Make no mistake, the U.S. military pushing back very hard against the notion that it was doing anything against international law, really putting on the table that North Korea needs to back off on this point, that they can't obviously claim they have any right to shoot down U.S. planes. They can't claim that the U.S. has declared war on them. And in fact the state department also weighing in saying that, no, the U.S. has not declared war. But as the rhetoric escalates the worry about that miscalculation also is skyrocketing -- Jake.

TAPPER: All right. Barbara Starr at the Pentagon, thank you so much.

North Korea can also use President Trump's new travel ban to fan the flames if they so desired. The administration announced new restrictions, just as the old ban expired yesterday. The previous version restricted U.S. entry from six Muslim majority countries, Iran, Syria, Libya, Somalia, Yemen and Sudan. This new one drops Sudan and adds North Korea, along with Chad and Venezuela, where the ban would only affect certain officials of the government.

Unlike earlier versions, these new restrictions would be indefinite.

Let's bring in CNN's Jessica Schneider.

Jessica, groups are already lining up to challenge this latest ban. What would be the main argument be against it given that this version obviously is not specific to just Muslim majority countries?

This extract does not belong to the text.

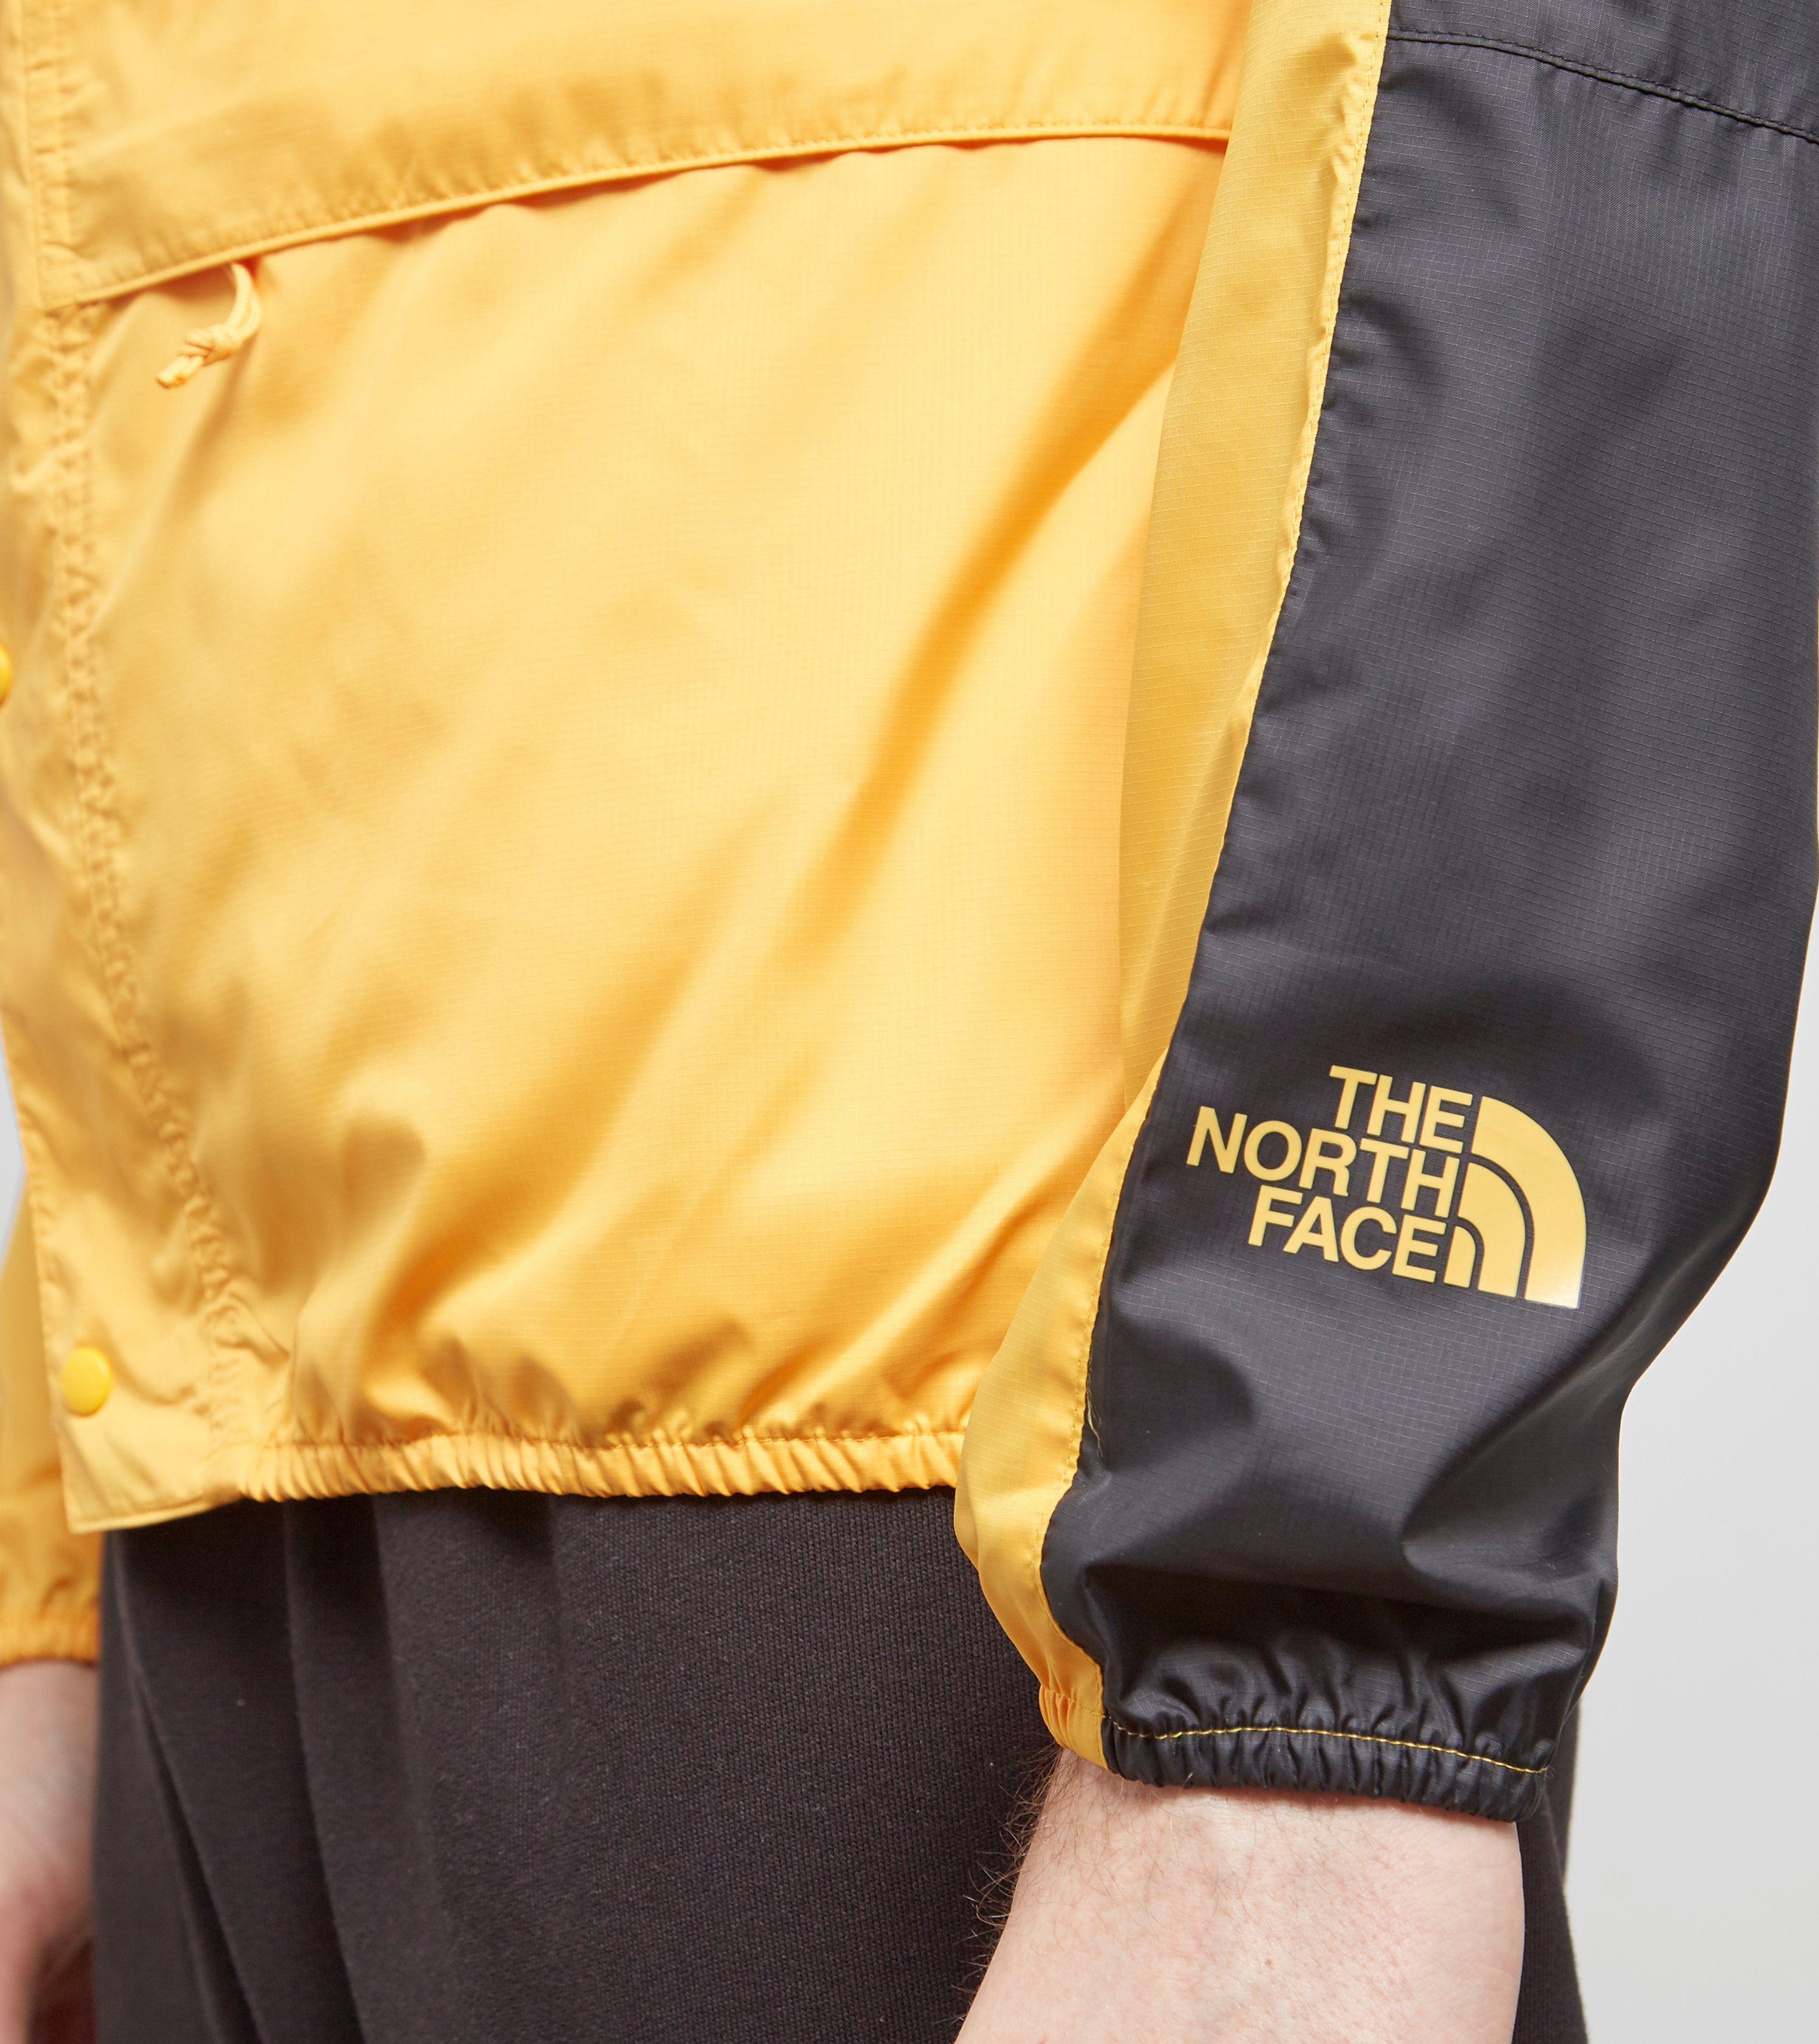 The North Face 1985 Seasonal Jacket

JESSICA SCHNEIDER, CNN JUSTICE CORRESPONDENT: Well, yes, Jake, civil rights groups, they are saying that the addition of these nations are just a cover for what was always intended to be a Muslim ban and they're not holding back with their rhetoric. Some groups calling this government-sanctioned discrimination. The Council on American Islamic Relations went so far as to say that it's part of the Trump administration's, quote, ugly white supremacist agenda. The president, though, defending the process, saying that this ban is

a result of a months-long review where the security screening procedures of the countries around the world were probed and the countries, Jake, not meeting those standards, those are the eight now being restricted -- Jake.

TAPPER: And, obviously, Jessica, this new travel ban is having an effect, a big effect on a pending Supreme Court case.

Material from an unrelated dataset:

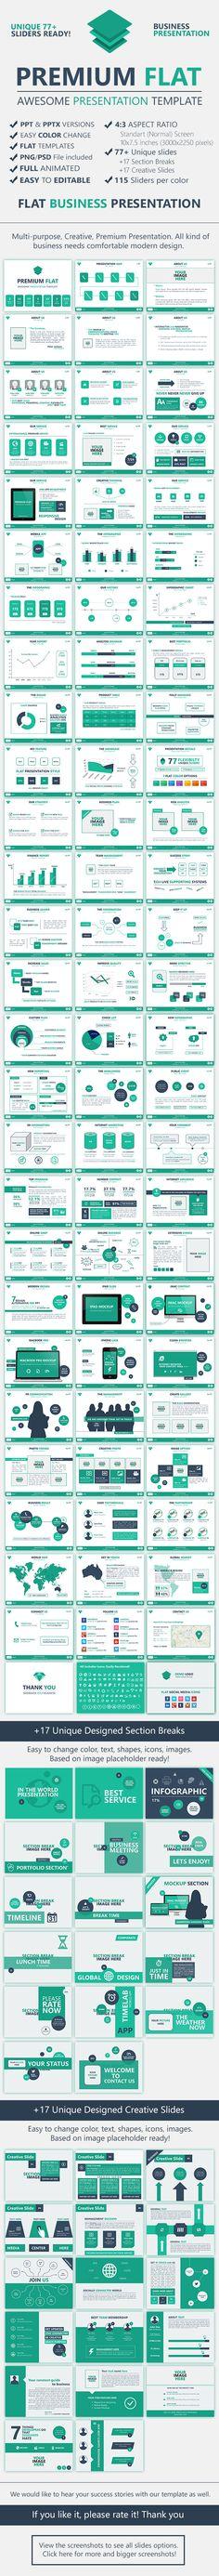 Premium FLAT-Multipurpose, Creative Presentation - Business Powerpoint Templates

SCHNEIDER: Yes. You know, the Supreme Court was slated to hear arguments on the previous travel ban on October 10th, well, that has now been delayed so the government and the parties in opposition can file briefs addressing this latest travel ban. But all indications are that the Supreme Court could decide that the whole case now is moot because of this new ban. And that would send people fighting this latest ban back to the lower courts where this whole legal process is likely to play out yet again -- Jake.

TAPPER: And the Trump administration did not include Sudan in this new travel ban. Why not?

SCHNEIDER: Right. The administration is saying that Sudan met all of the security standards during that two month review. So, they decided it no longer needed to be on the list. And instead, they added Chad, because it didn't properly screen for terrorists or share its information with other countries.